How to handle an AnalysisException on Spark SQL?

Question:

I am trying to execute a list of queries in Spark, but if the query does not run correctly, Spark throws me the following error:
AnalysisException: “ALTER TABLE CHANGE COLUMN is not supported for changing …

This is part of my code (i’m using python and Spark SQL on Databricks):

for index, row in df_tables.iterrows():
  query = row["query"]
  print ("Executing query: ")
  try:
      spark.sql(query)
      print ("Query executed")
  except (ValueError, RuntimeError, TypeError, NameError):
      print("Unable to process your query dude!!")
  else:
      #do another thing

Is there any way to catch that exception? ValueError, RuntimeError, TypeError, NameError seems not working.
There’s no so much information about that in the Spark webpage.

Asked By: Kevin Gomez

||

Answers:

You can modify the try except statement as below :

try:
  spark.sql(query)
  print ("Query executed")
except Exception as x:
  print("Unable to process your query dude!!" + 
        "n" + "ERROR : " + str(x)) 
Answered By: Manish

I think it depends on your requirements. If you’re running full workflow on this query and if you want them to pass through then your code will work fine. But let’s say you want your workflow or datapipeline to fail, then you should exit from that except block.

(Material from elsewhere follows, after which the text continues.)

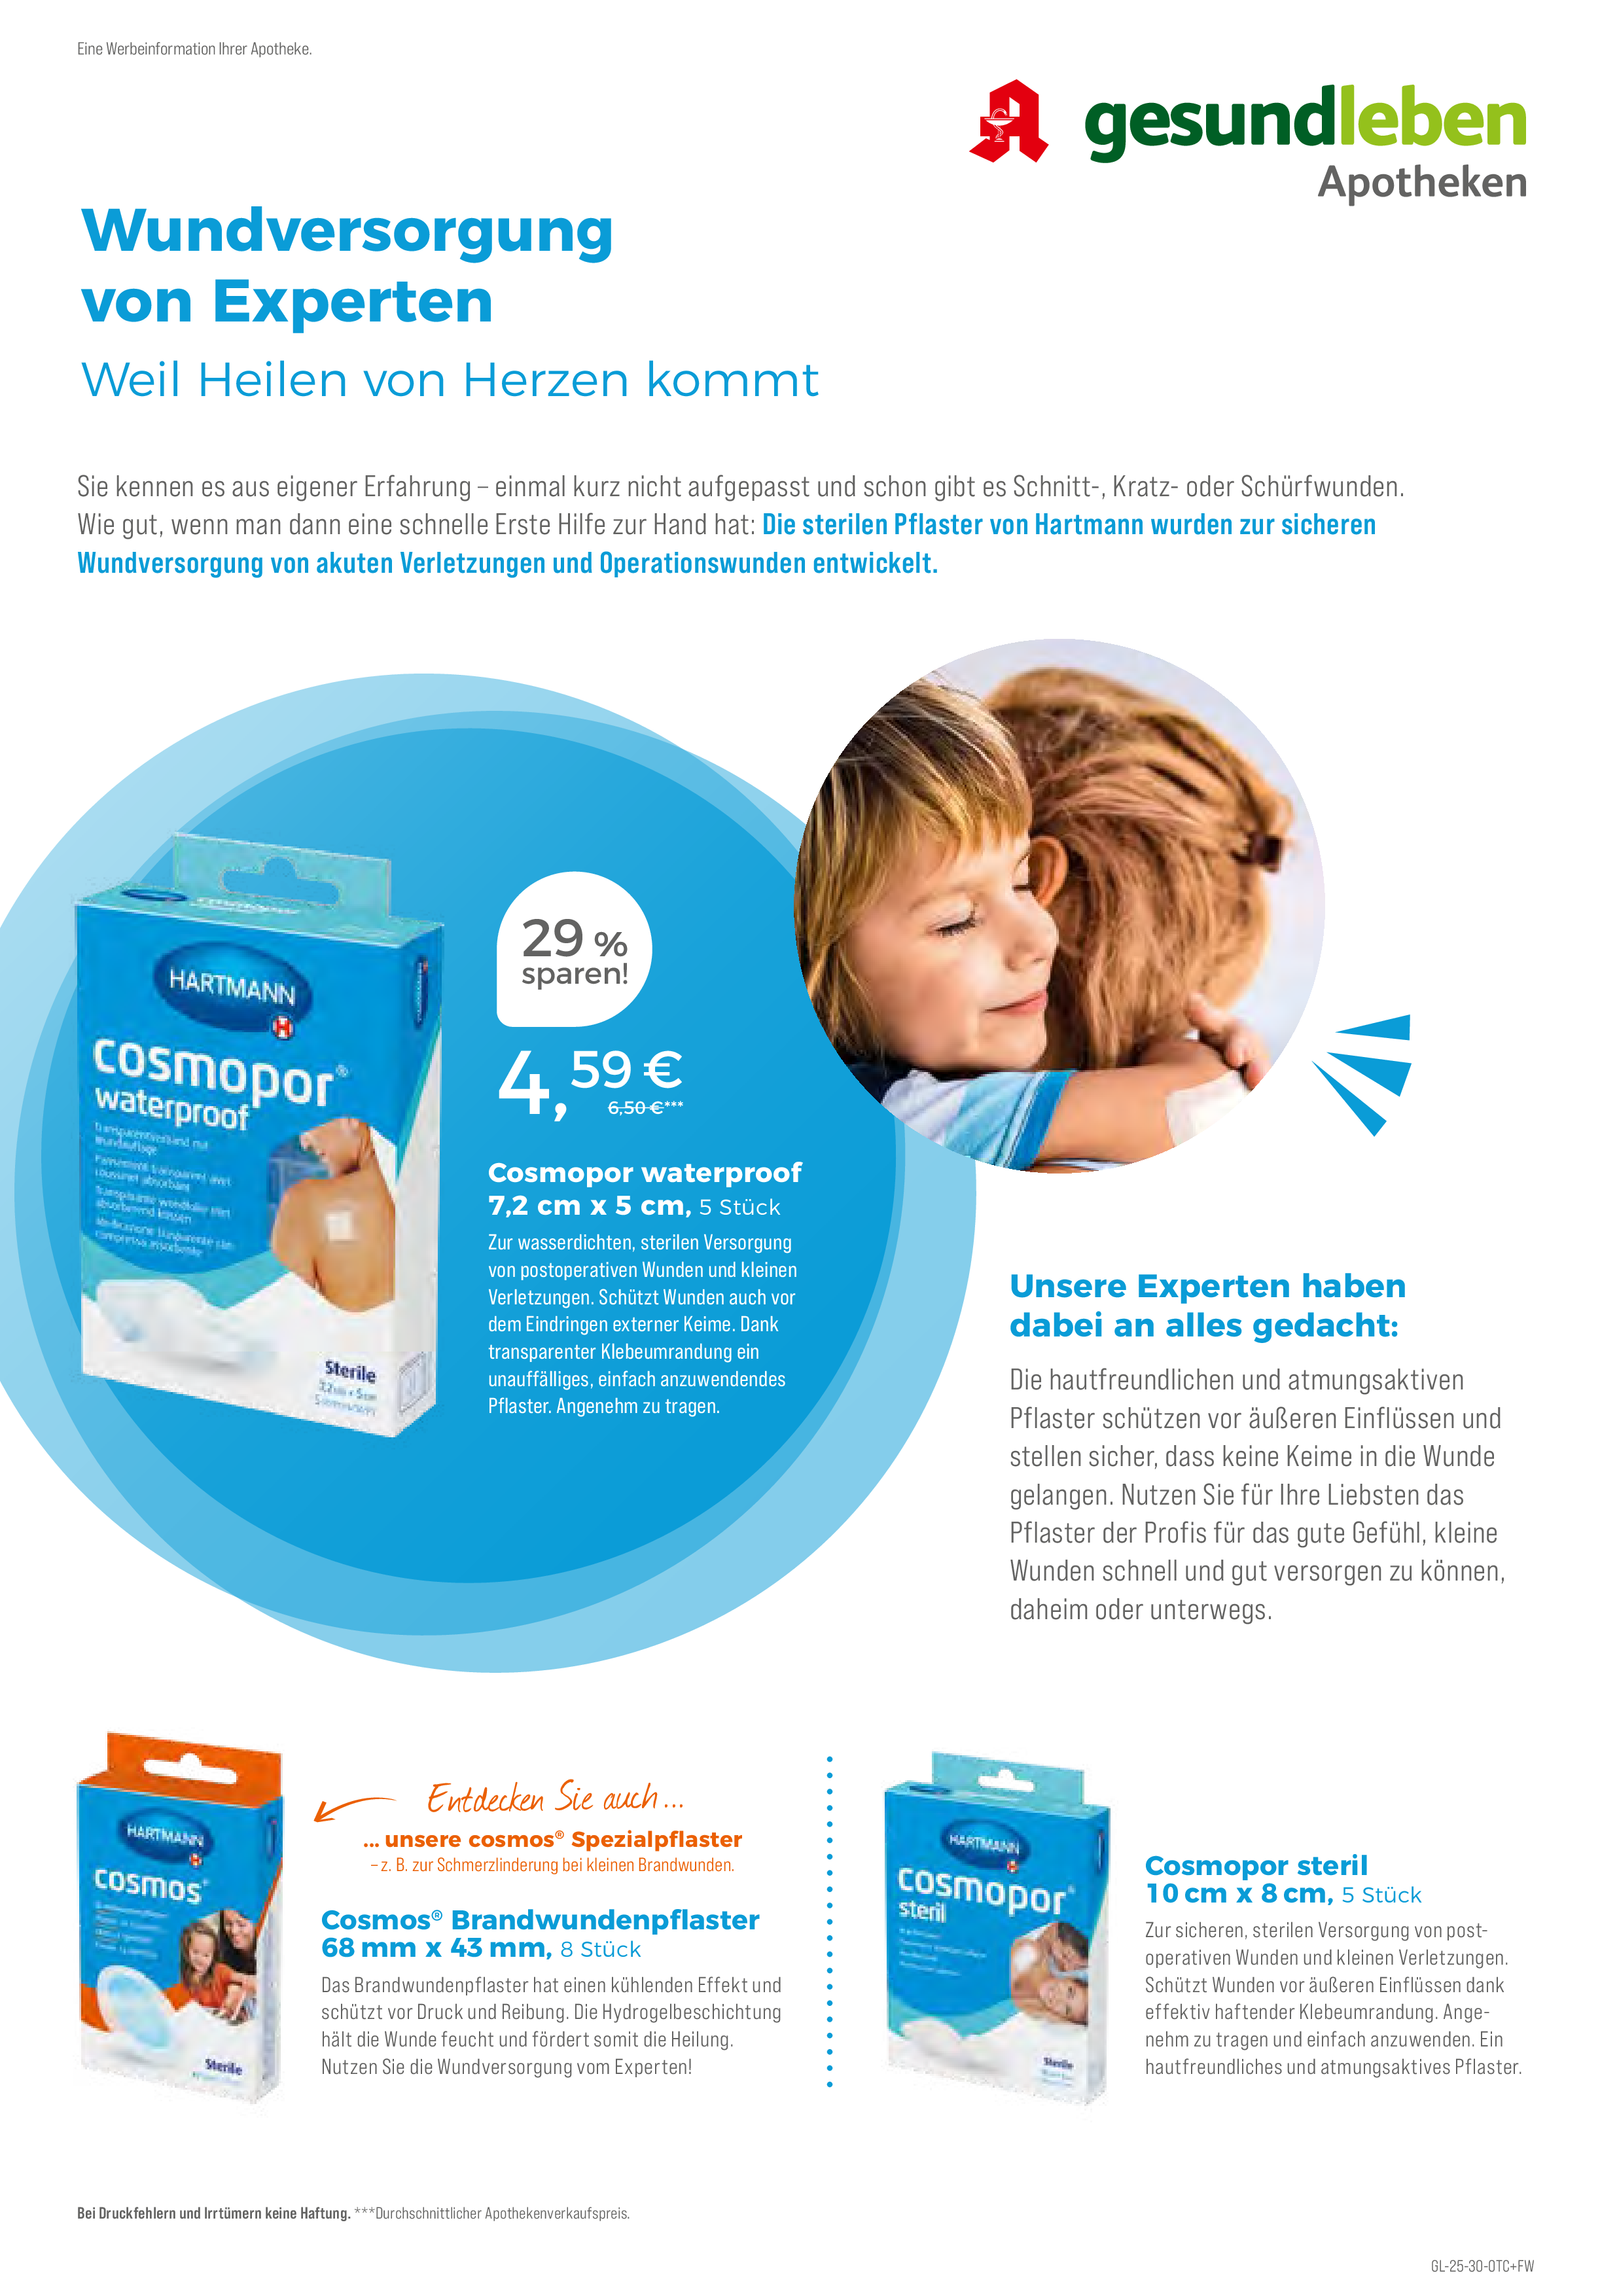 https://mein-uploads.apocdn.net/203/leaflets/gesundleben_hoch-Seite5.png

The exact exception you may not get, but you can definitely get overview using

except Exception as x:
  print(str(x)) 

You can use logging module for putting more information in logs for further investigation.

Answered By: Piyush Patel

I found AnalysisException defined in pyspark.sql.utils.
https://spark.apache.org/docs/3.0.1/api/python/_modules/pyspark/sql/utils.html

import pyspark.sql.utils
try:
    spark.sql(query)
    print ("Query executed")
except pyspark.sql.utils.AnalysisException:
    print("Unable to process your query dude!!")
Answered By: Brett Koblinger

I want to propose a way to pick specific Exceptions.
I had the problem to find if some table already existed. The simplest way that i have found to do this is like this. Of course that this can break if Spark maintainers change the message of the exception, but i think that they do not have reason to do this, in this case.

    import pyspark.sql.utils

    try:
        spark.read.parquet(SOMEPATH)
    except pyspark.sql.utils.AnalysisException as e:
        if "Path does not exist:" in str(e):
            # Finding specific message of Exception.
            pass # run some code to address this specific case.
        else:
            # if this is not the AnalysisException that i was waiting,
            # i throw again the exception
            raise (e)
    except Exception as e:
        # if is another exception i can catch like this
        print(e)
        raise (e)
Answered By: WagnerAlbJr